The Role of Interest Rates

But the problem here isn’t completely related to tech salaries. Individuals earning high salaries can currently afford million-dollar homes because interest rates are extremely low. If these rates increase over the next few years, many homeowners in expensive areas could find themselves struggling to make payments on ballooning mortgages.

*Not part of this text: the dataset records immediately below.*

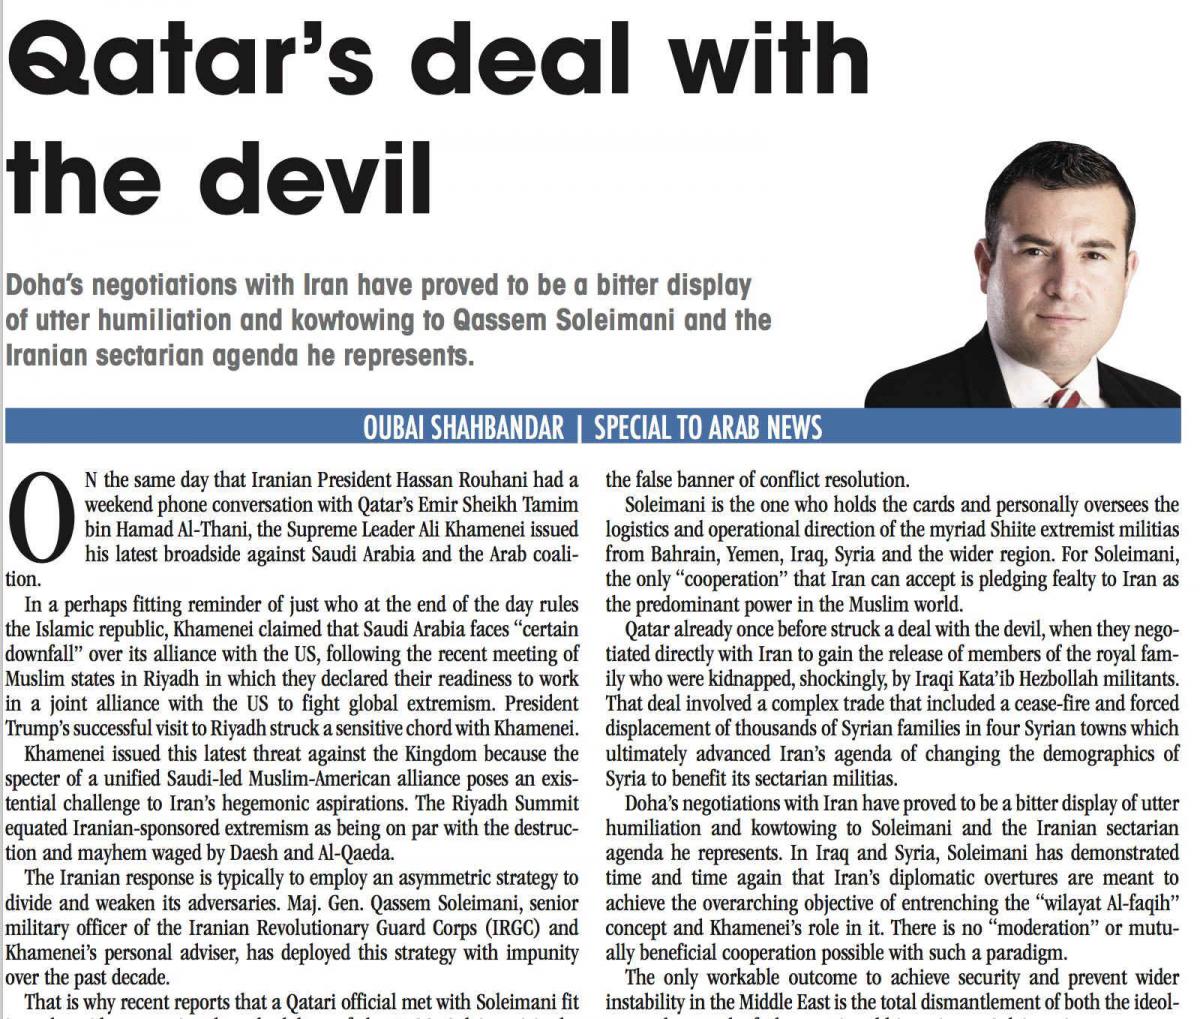 A view from the Saudi newspaper, Arab News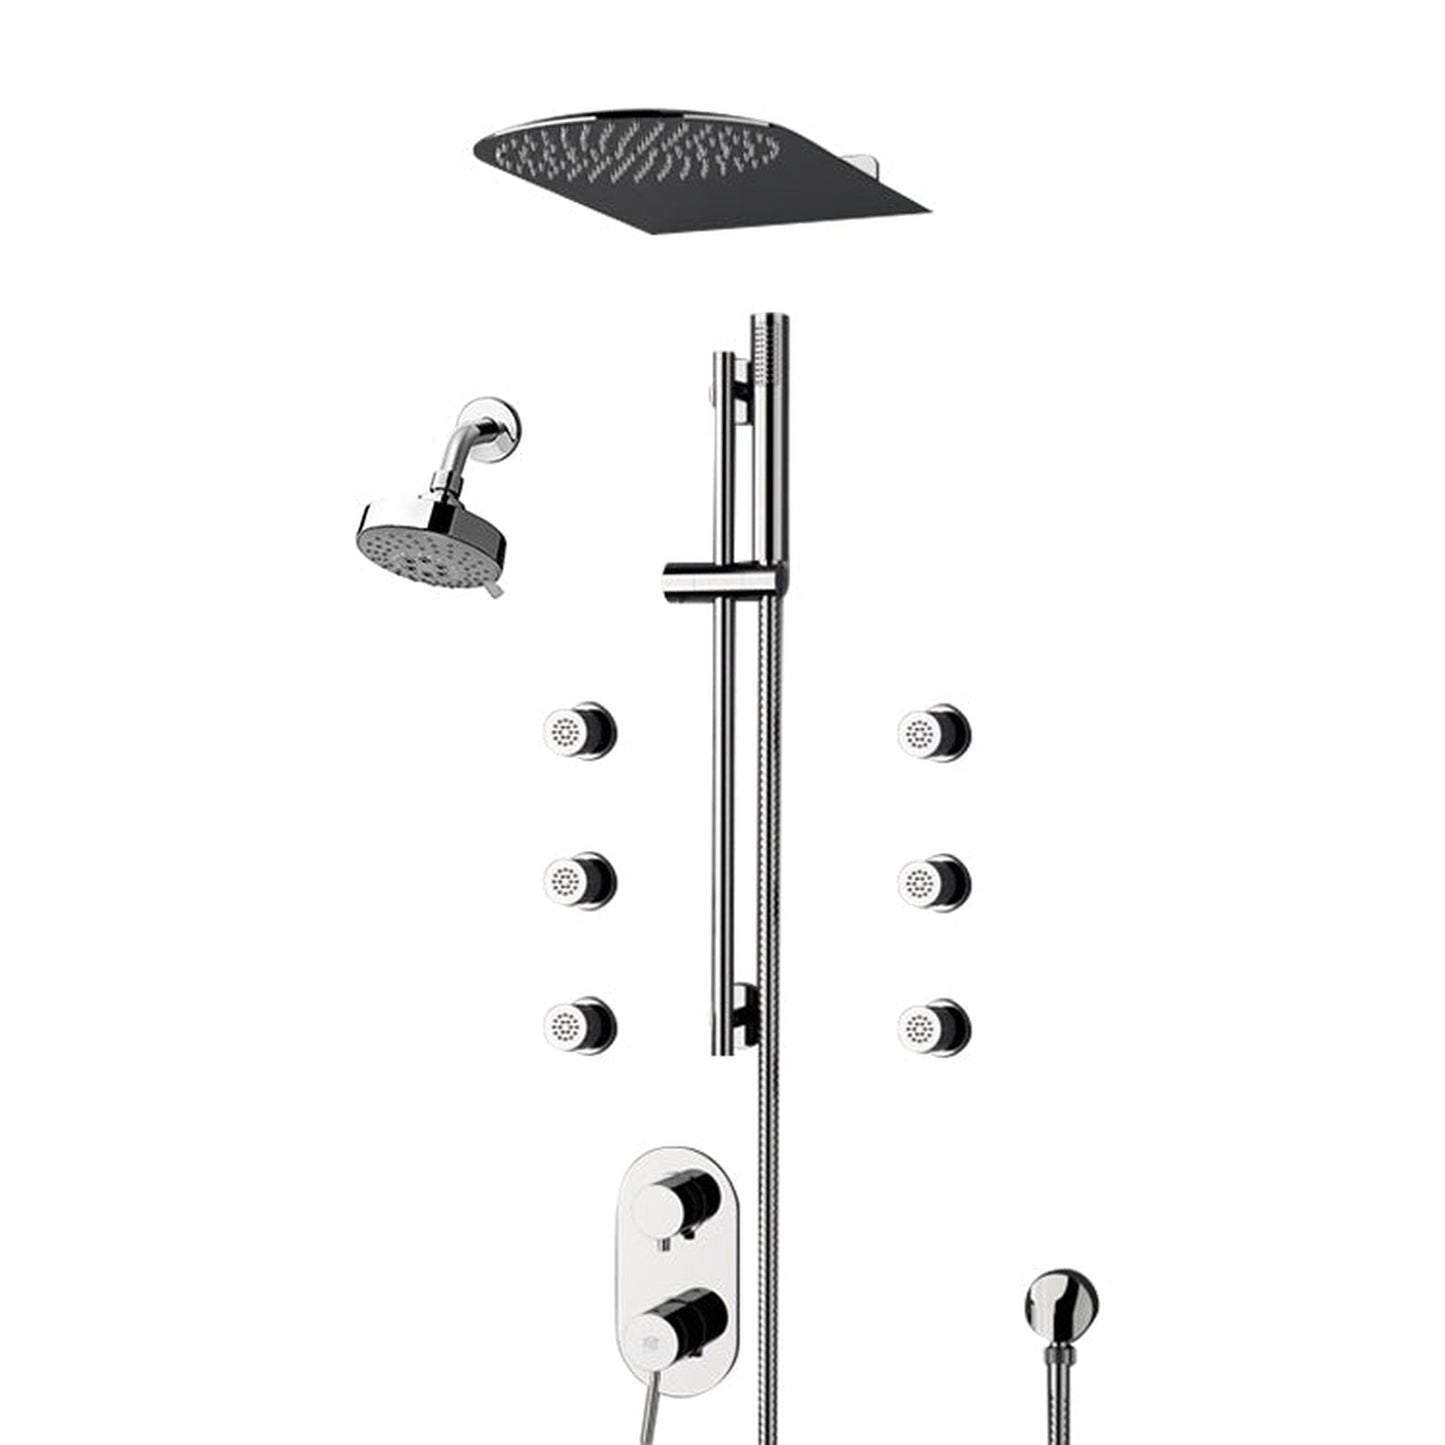 Fontana Deluxe Creative Luxury 8" Chrome Wall-Mounted Dual Shower Head Rainfall Shower System With 6-Jet Sprays and Hand Shower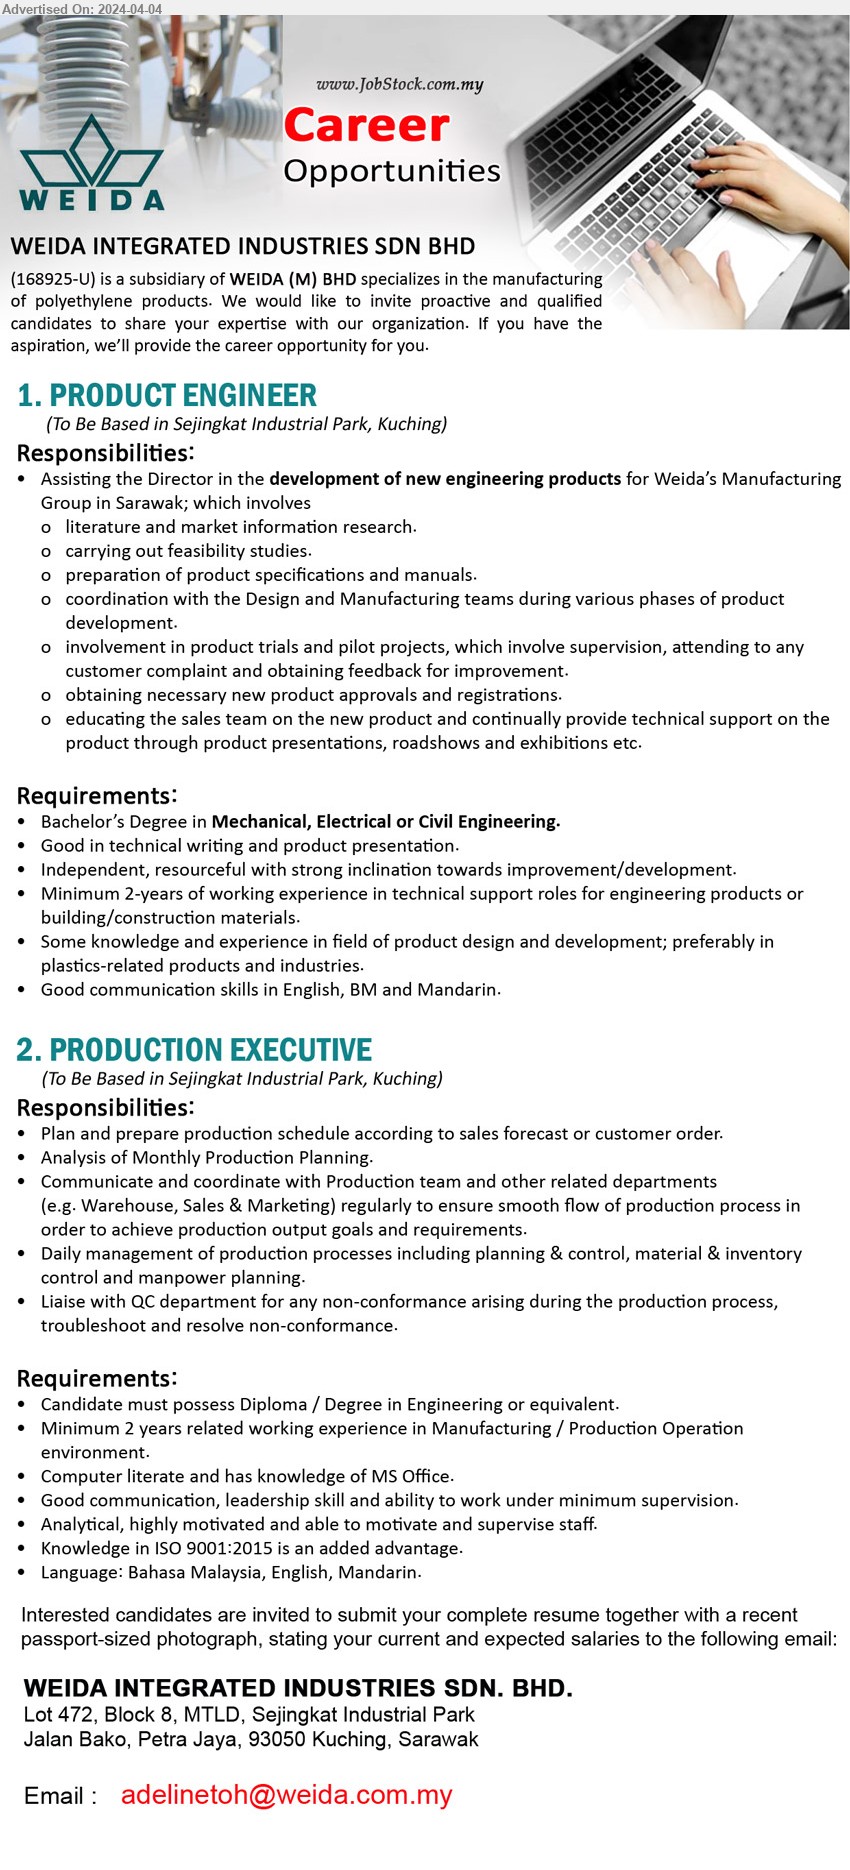 WEIDA INTEGRATED INDUSTRIES SDN BHD - 1. PRODUCT ENGINEER  (Kuching), Bachelor’s Degree in Mechanical, Electrical or Civil Engineering,  2-years of working experience in technical support roles for engineering products or building/construction materials,...
2. PRODUCTION EXECUTIVE (Kuching), s Diploma / Degree in Engineering, 2 years related working experience in Manufacturing / Production Operation,...
Email resume to ....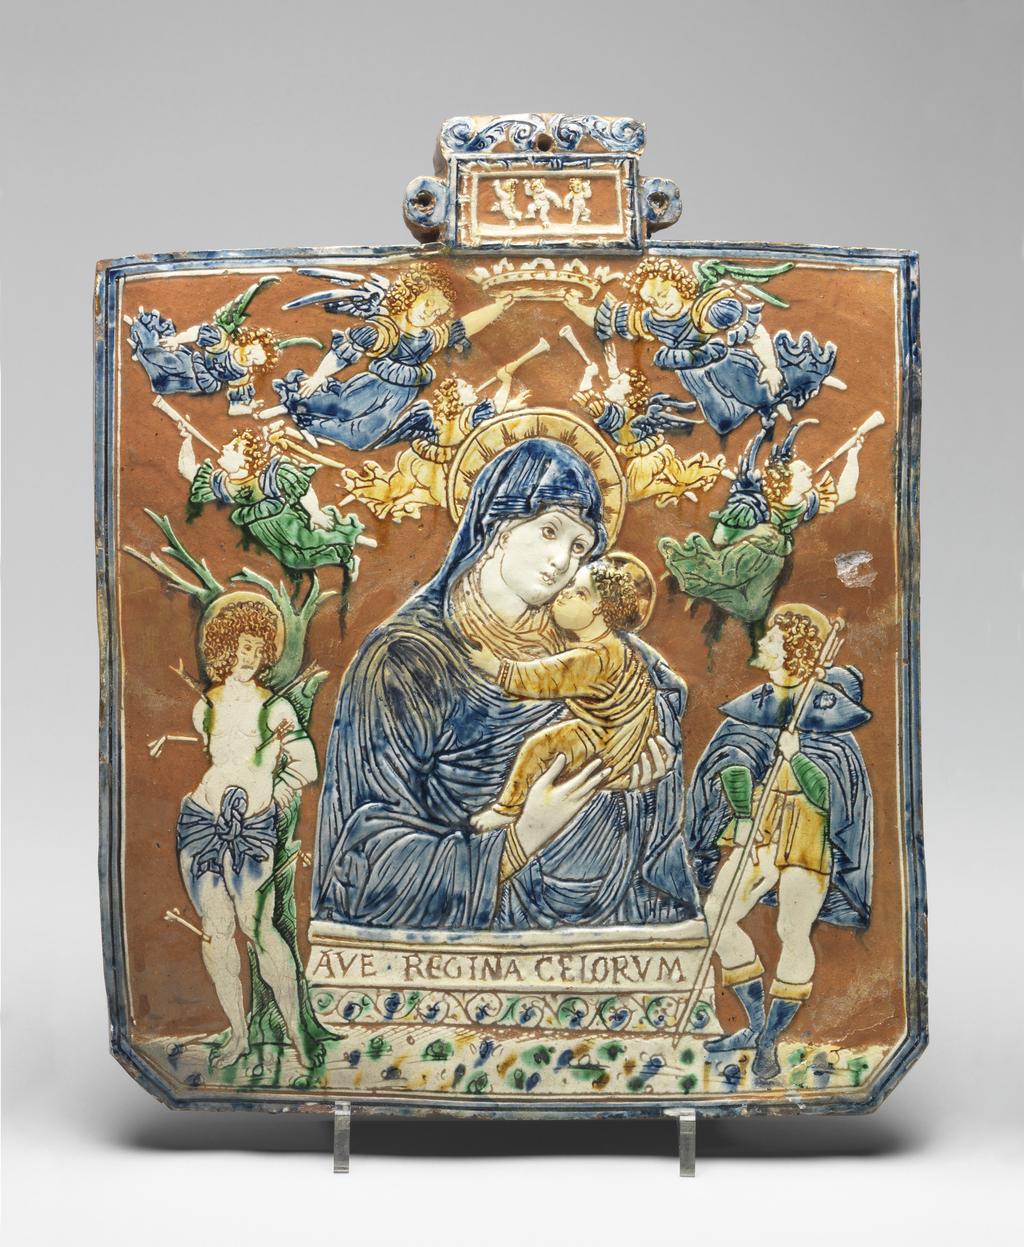 An image of Panel. The Virgin with Saints Roch and Sebastian. Unknown, perhaps The Veneto. Almost square with cut lower corners and a rectangular, scrolled protrusion at the top, with lateral rings and a hole for suspension. A half-length figure of the Virgin holding the Christ Child in her arms, with below, a pedestal inscribed 'AVE.REGINA CELORVM' (Hail Queen of the Heavens), and above, seven angels, of whom two hold a crown over her head and four blow trumpets. St Roch stands on the right hand and St Sebastian on the left. The small panel at the top contains three dancing putti. Pale red earthenware, moulded in very low relief in the middle, and coated with white slip which has been removed from the background. Incised decoration coloured blue, green and dark yellow under lead glaze. Height, whole, 33.7 cm, width, whole, 27.8 cm, depth, whole, 1.7 cm, circa 1500-1510. Renaissance.

A similar thing occurred during the 2008 crash; however, very few homeowners at the time had taken out mortgages on million-dollar properties. The stakes nowadays are much higher. And it stands to reason then that a housing market that cannot sustain itself must crash. Add a pandemic into the mix, and the result could be a catastrophic blow to the global economy.

Preparing for a Downturn

Fortunately, the economy has remained stable over the last year; in many respects, things may be more stable than they appear. And if interest rates remain low, an economic disaster could be avoided. But how should individuals prepare for a potential housing market crash?

The answer is a complex one, but waiting on a dip in the market to purchase a home might help out buyers who want to get in on the property market but can’t at present due to high home costs. To wit, allowing the market to correct itself over the next few years might open up opportunities for new buyers. That is by no means a bad thing.

Looking for Opportunity

Saving money for a possible economic downturn might seem difficult at a time of soaring living costs, but we’ve seen via the COVID crisis that social stability can hit serious periods of turbulence. If the housing market crashes, expect to see layoffs and hiring freezes across the country.

At the end of the day, however, remaining optimistic and looking for wider patterns in the housing market can make a big difference in how you can respond to a potential market crash. Keep a cool head and rein in your expenses as much as you can: You might find opportunity in even the thorniest of markets. In a “corrected” market, you might even find your dream house within your grasp.